# Chainsaw won't idle



## kzoolou (Mar 16, 2008)

I have a relatively new Husqvarna chainsaw that starts like a champ, but will only idle for a minute or so, then dies. Thinking that it's either a carb issue or something is up with the piston/sleeve, but I really don't know how to test either theory. Any ideas on where to start?


----------



## hankster (Jan 1, 1998)

kzoo, you going to be at M40 for racing? I can help you out there if I know you are going to be there.


----------



## kzoolou (Mar 16, 2008)

I may have to work part of the day, but if you're going to be out there, I will definitely swing out to check out the racing, pick your brain and hopefully learn a little something.


----------



## hankster (Jan 1, 1998)

Not sure what weekend I'll be out there. Just depends on work. I'll let you know.


----------



## Amain27 (Mar 21, 2010)

without checking the chainsaw out first hand its hard to say what the problem is, its like calling a car mechanic and asking him why your car wont start. My advice would be to replace the plug and buy a carb rebuild kit from your local dealer or order from a mower shop,but before you go to all that trouble,check and make sure your choke isnt "sticking" on. when the choke is on it will start and run with a normal idle until it warms up then it has a hard time idling,hence turning the choke off after warm up.:thumbsup:


----------



## Amain27 (Mar 21, 2010)

if the chainsaw is relatively new its unlikely the piston and sleeve,unless of course it was ran lean too many times, make sure you use the recommended ratio when mixing your fuel, 32:1, 20:1, are most common


----------



## kzoolou (Mar 16, 2008)

Thanks for the advice. I don't think it was run lean. I'm pretty good about that kind of stuff. I'll try the choke thing, then move on to the plug and carb rebuild kit. I probably only had about 10 hours total on the chainsaw, but I'll admit, I didn't do much to care for it. 

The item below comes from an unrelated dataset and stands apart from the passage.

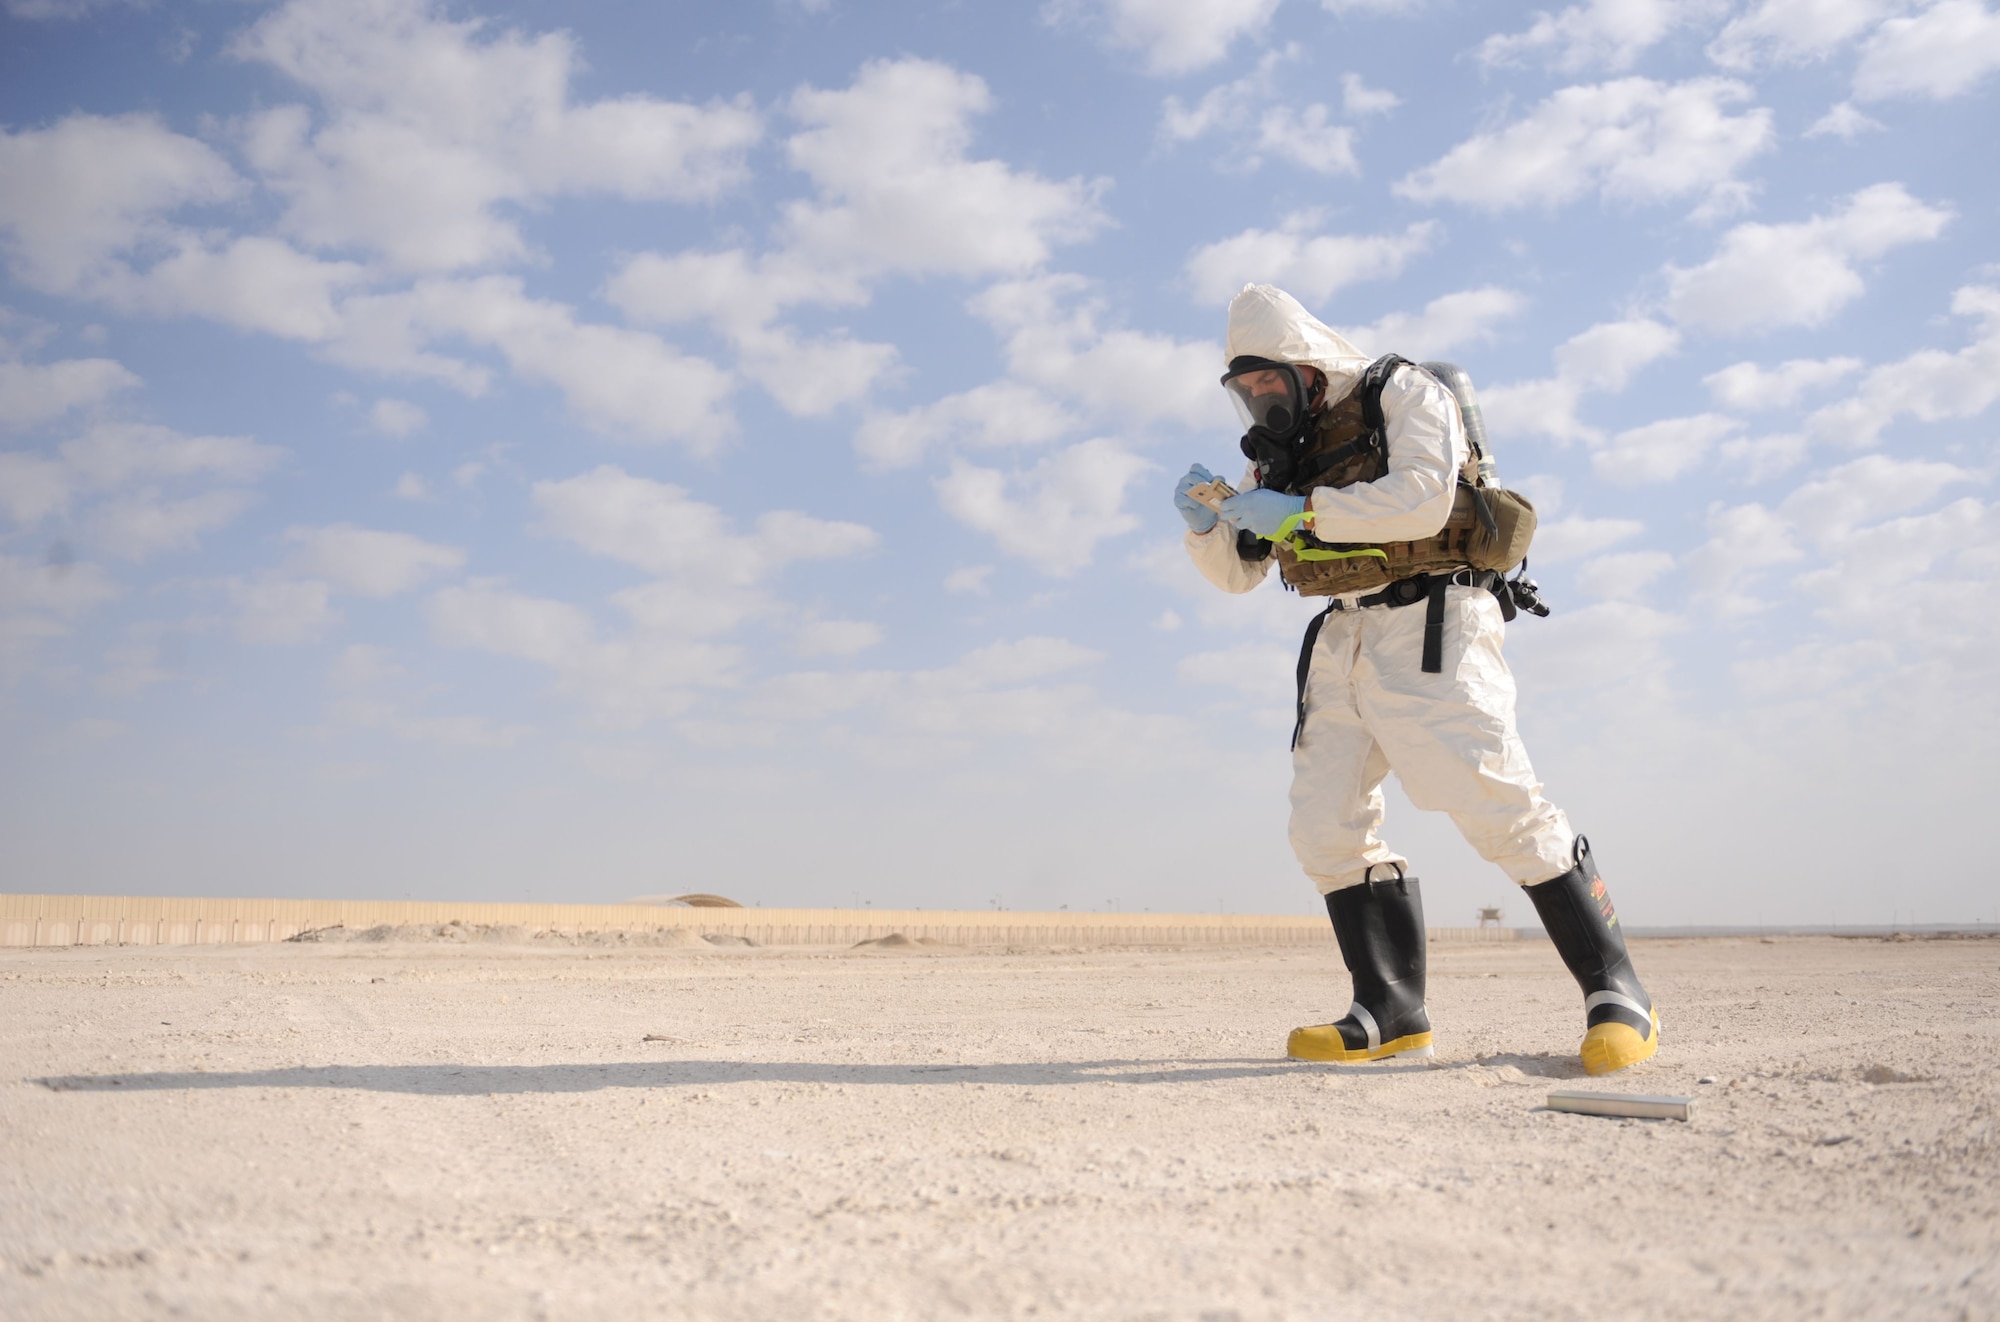 Staff Sgt. Benjamin Young, 380th Expeditionary Civil Engineer Squadron, explosive ordnance disposal, training noncommissioned officer in charge, evaluates the scene of an F-22 Raptor crash during the Major Accident Response Exercise at Al Dhafra Air Base, United Arab Emirates Dec. 15, 2017. EOD is trained to detect, disarm, detonate and dispose of explosive threats. (U.S. Air National Guard Photo by Staff Sgt. Colton Elliott)

It's really kind of a project for me to learn a little more about small engines. It's something that I'd like to be semi-competent at. I'm usually on hobbytalk for RC stuff and I noticed the small engine repair threads so I figured I'd throw my issue up here and see if I could get some idea on how to fix the thing.


----------



## sheds_1 (May 1, 2010)

I had a similar problem and it was the choke sticking open..check that first.


----------



## kzoolou (Mar 16, 2008)

Not to sound ignorant, but how would one go about checking to see if the choke is stuck open? I push the choke tab in once it almost starts, pull the chord, it starts, idles high, I can hit the throttle and it goes pretty good, but when the idle settles back down, it stalls.

Guess I should figure out what that little blue tab is actually connected to on my saw


----------